Sunday, 14 February 2016

Taking Valentine's back from Hallmark

View from the interior of Afterwords bookstore on a snowy afternoon.

After our first date, when I find out she has a boyfriend (or, as she explains, an ex-boyfriend who is not yet completely out of the picture), I sign off gallantly in an e-mail, “I am at your disposal.”

Except what I’ve written is “I am your disposal.”

There, that was my obligatory nod to Valentine's Day.  And for the record that was a quote from a memoir titled, The Diaries of Pussy-Cake by Gary Shteyngart.  This year I was determined not to let Valentine's Day devolve into a dutiful Hallmark moment.  There have just been too many near misses in my life lately to not be more mindful. 

I'll give you two examples.  Like a lot of other pedestrians in the City of St.

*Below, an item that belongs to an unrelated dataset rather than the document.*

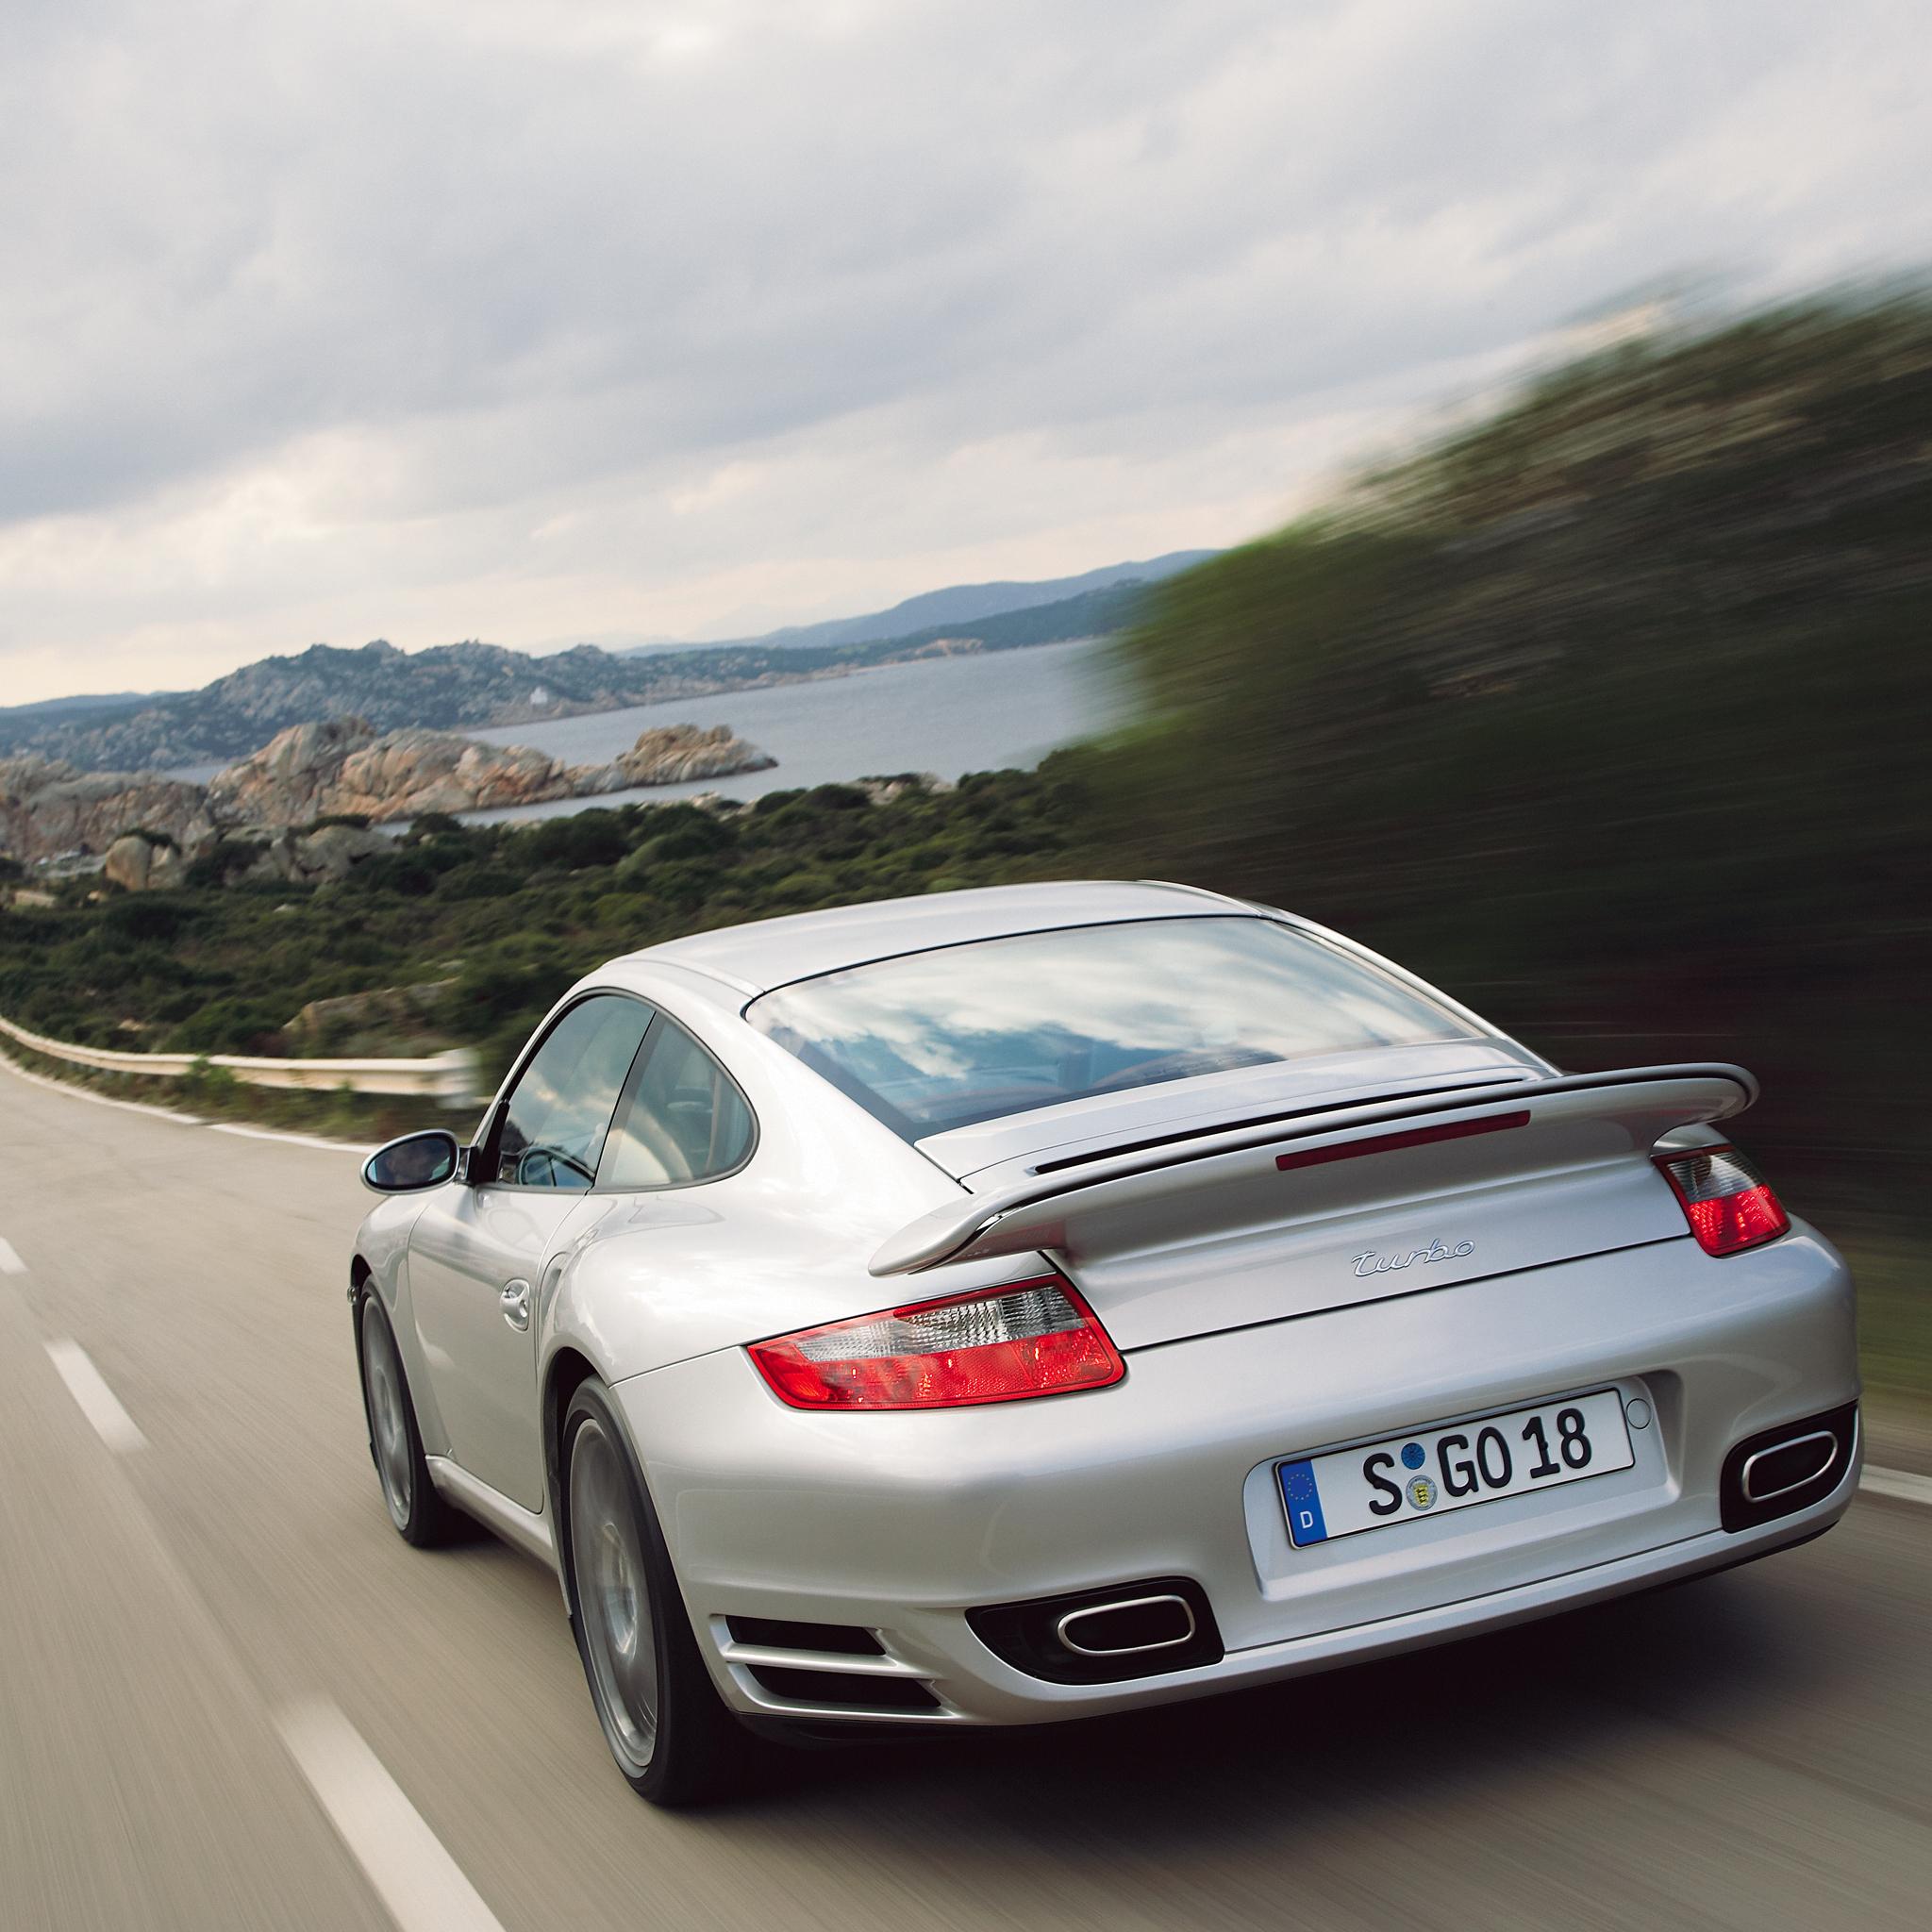 Porsche-911-Turbo-3Wallpeprs-iPad

John's I recently made a rather dramatic face-plant on the icy sidewalks.  One of my friends has been laid up for weeks with a leg broken in three places.  Luckily for me as I lay on my face, groceries askew wondering what was the safest way to try and get up, I feel a pair of strong arms pick me up.  A kind stranger drove me home, which almost sounds like a Hallmark Valentine card–this second example won't.  I was walking home across downtown when I encountered a tight knot of emergency vehicles and crime scene tape.  Apparently, a drunk driver had lost control, took down a power pole and struck two pedestrians.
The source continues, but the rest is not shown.